The mass term of a fermion mixes the left- and right-handed chiral states, and in the limit that the mass goes to zero, the chiralities no longer mix at all and can be treated independently.
\begin{equation}
\mathcal{L} = \begin{pmatrix}\overline \psi_R & \overline \psi_L \end{pmatrix}
\begin{pmatrix} -m & i \sigma^\mu \partial_\mu \\
i \overline \sigma^\mu \partial_\mu & -m \end{pmatrix}
\begin{pmatrix} \psi_L \\ \psi_R \end{pmatrix}
\end{equation}
What I wish to consider is density of the chiral asymmetry, \(n_5 := n_R - n_L\). This quantity should be well defined in the massless limit as the left- and right-handed components are independent; however, I'm wondering whether one can define this if a mass term does exist.

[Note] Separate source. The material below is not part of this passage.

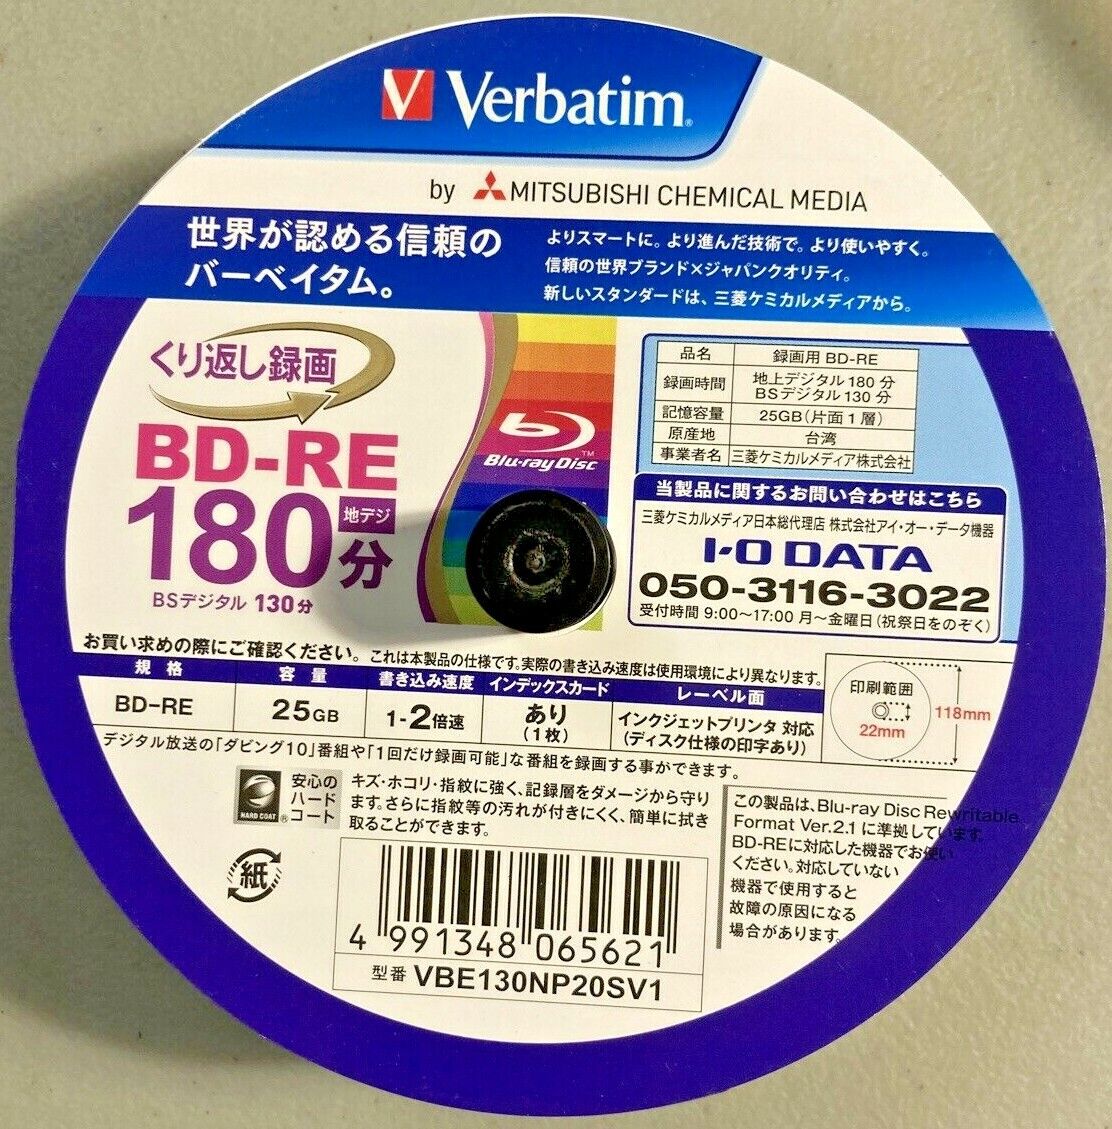 19 Verbatim 3D BluRay DVD Discs 25GB, BD-RE Rewritable 2x Speed Blu-Ray Discs 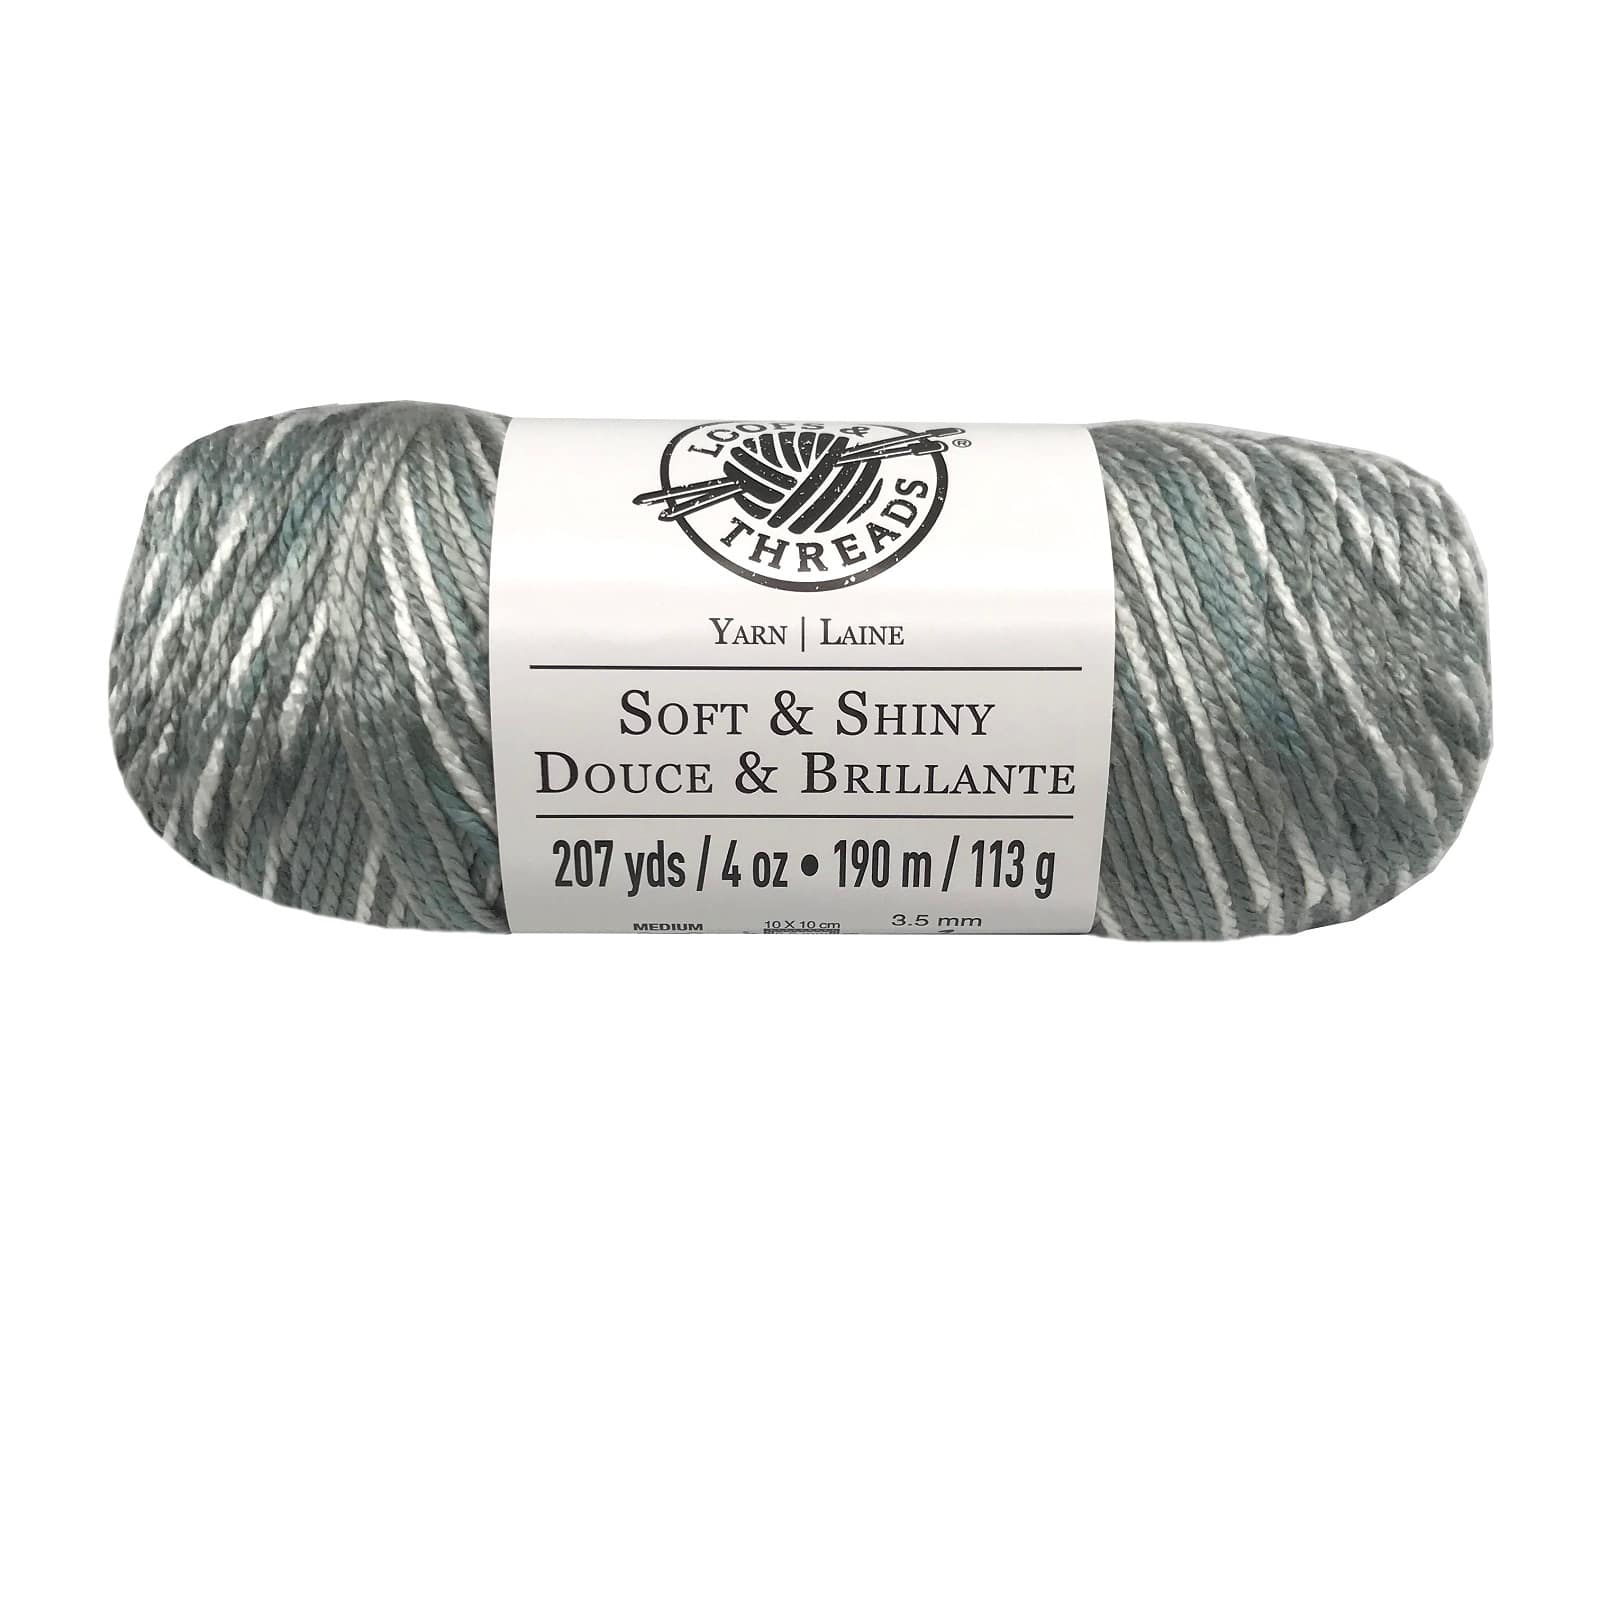 Loops & Threads Soft & Shiny Gray Yarn

If it can be defined, then how does this asymmetry evolve in time? Specifically, I wish to compute
\begin{equation}\frac{dn_5}{dt}\end{equation}
in the context of cosmology. I would naively expect that when \(T \gg m\), then \(\dot n_5 \to 0\) as the fermions are effectively massless compared to their energies, but I do not know how to compute this rate, nor was I able to find much literature on this.
So in all:
- Is it valid to consider this chiral asymmetry density for a massive fermion? And if so,
- How does this chiral asymmetry density evolve in the context of cosmology?